Goldman Sachs said in a report that the upward revision reflects the more attractive H-share profiles in terms of earnings growth, valuation and dividend yields, as well as the expanded investable universe due to newly listed and home-coming companies.
According to Goldman Sachs, southbound flows had the strongest start of the year and become the key capital driver for H shares. Southbound investors had $78 billion net buying year-to-date, 75 percent of the full-year inflows in 2024. Purchases of AI technology and high-dividend-yield stocks contributed $29 billion and $22 billion, about 65 percent of year-to-date Southbound inflows.
Southbound investors hold $577 billion worth of Hong Kong-listed stocks, accounting for 13 percent of the listed market cap of Southbound eligible stocks, up from 10 percent a year ago. Their turnover contribution rose from 17 percent in 2024 to 21 percent year-to-date on average, Goldman Sachs said.
Notably, various global financial institutions have also raised their forecast for Chinese stocks. In March, Goldman Sachs raised its target price for emerging markets stocks, projecting that the AI-powered rally in Chinese equities could boost other markets as well, according to Reuters.
Xi Junyang, a professor at the Shanghai University of Finance and Economics, told the Global Times on Monday that there are two main reasons for growing southbound trading.
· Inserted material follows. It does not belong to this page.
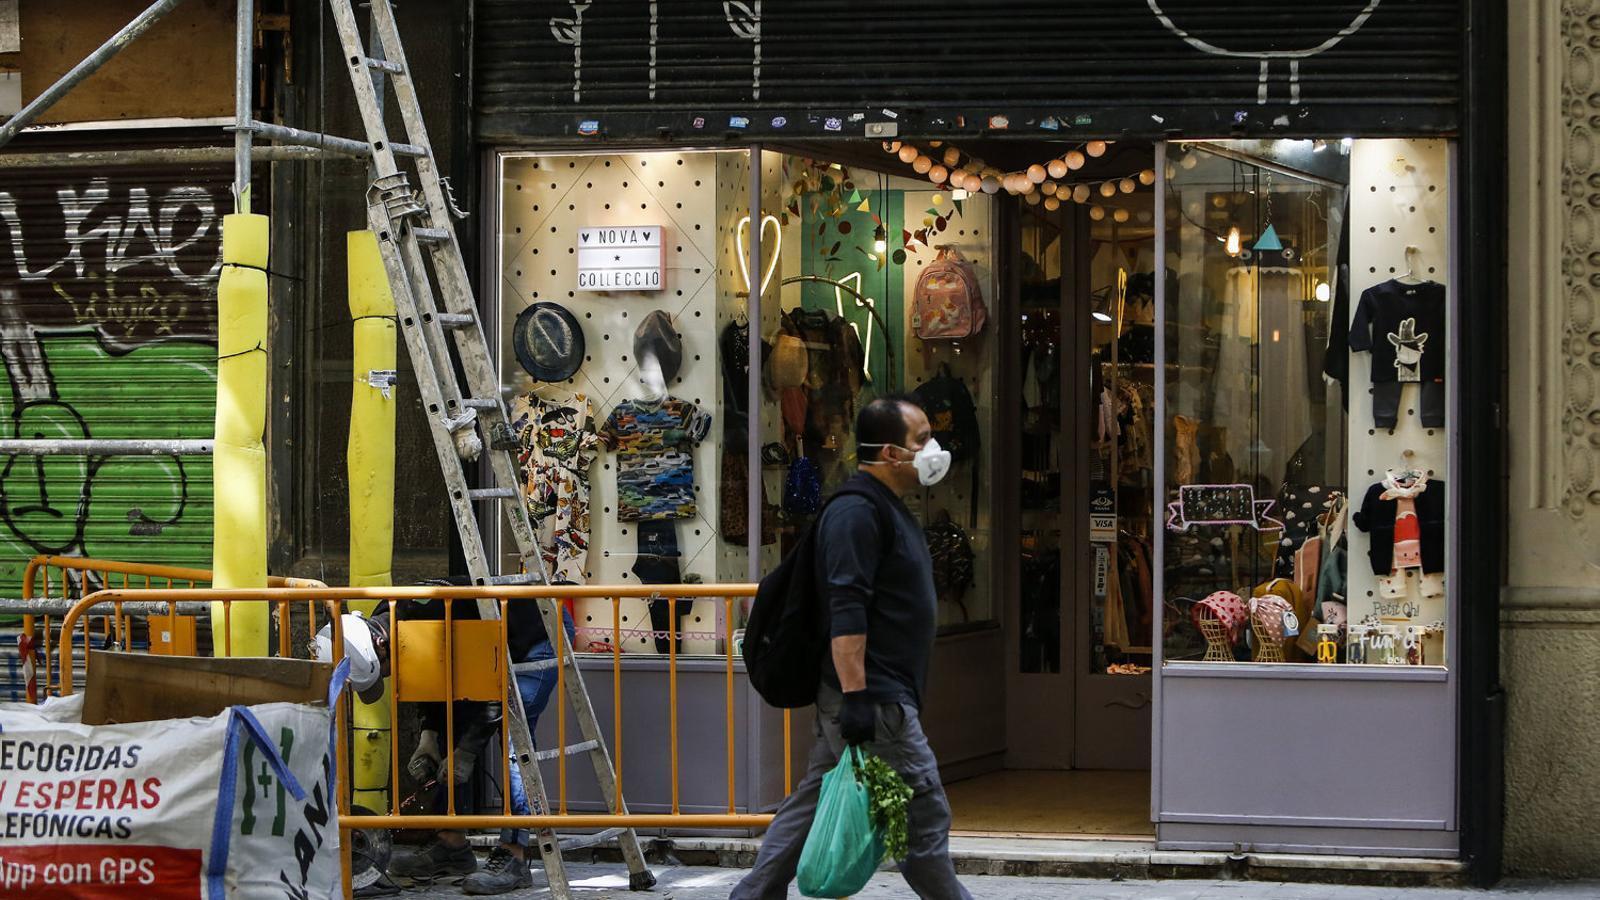 Un home passant ahir per davant d'una botiga al barri de Sant Antoni de Barcelona.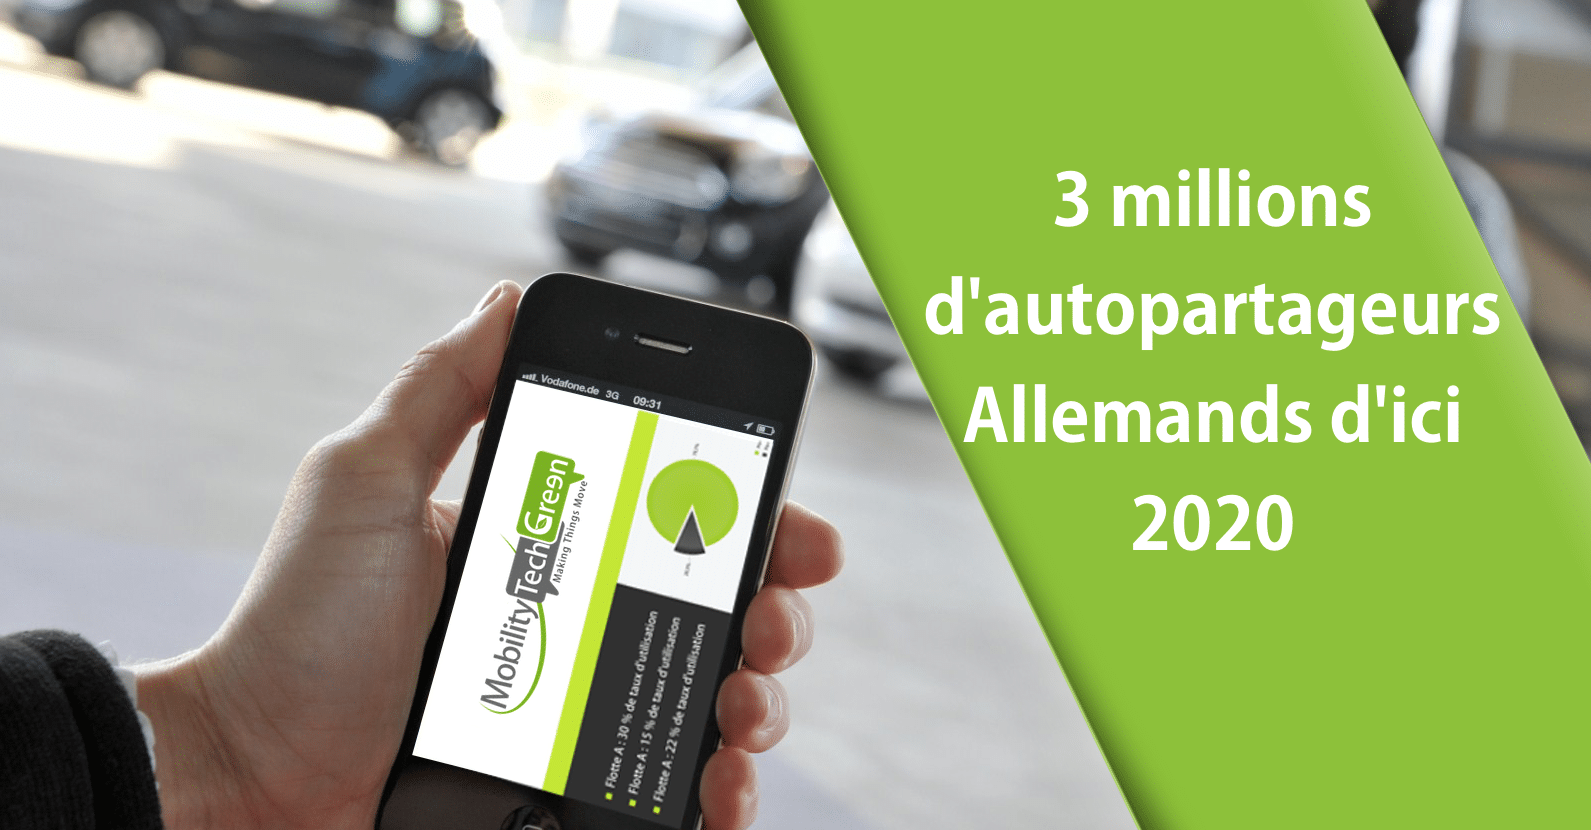 Autopartage en Allemagne : un marché potentiel de 35 milliards d'euros par an

First, the current valuation of Hong Kong stocks is relatively low, making them more attractive to investors; Second, Hong Kong stocks also attract a large amount of international capital, and the overall trend shows a clear upward momentum, Xi Junyang said.
China Galaxy Securities said in a research note on Monday that the central government's pledge to implement more proactive and effective macro policies amid "the uncertainty of drastic changes in the external environment" will also support a steady increase in the earnings of Hong Kong stocks.
According to data from Chinese financial information services provider Wind, technology, consumer, and financial sectors have emerged as key focus areas for southbound funds.
In a blog post on April 13, Hong Kong's Financial Secretary Paul Chan Mo-po emphasized the city's readiness to proactively attract high-quality issuers from around the world to list in Hong Kong.
"The city already has a regulatory framework that facilitates dual or secondary listings for overseas listed companies. In light of recent global developments, I have instructed the Securities and Futures Commission and Hong Kong Exchanges and Clearing Limited (HKEX) to be fully prepared for the potential return of Chinese Concept Stocks listed abroad," Chan wrote.
"HKEX will also enhance its outreach and promotion in the ASEAN and Middle East markets to attract more quality enterprises from these regions to list in Hong Kong, while drawing in additional international capital and further strengthening Hong Kong's position as a global financial center," Chan wrote.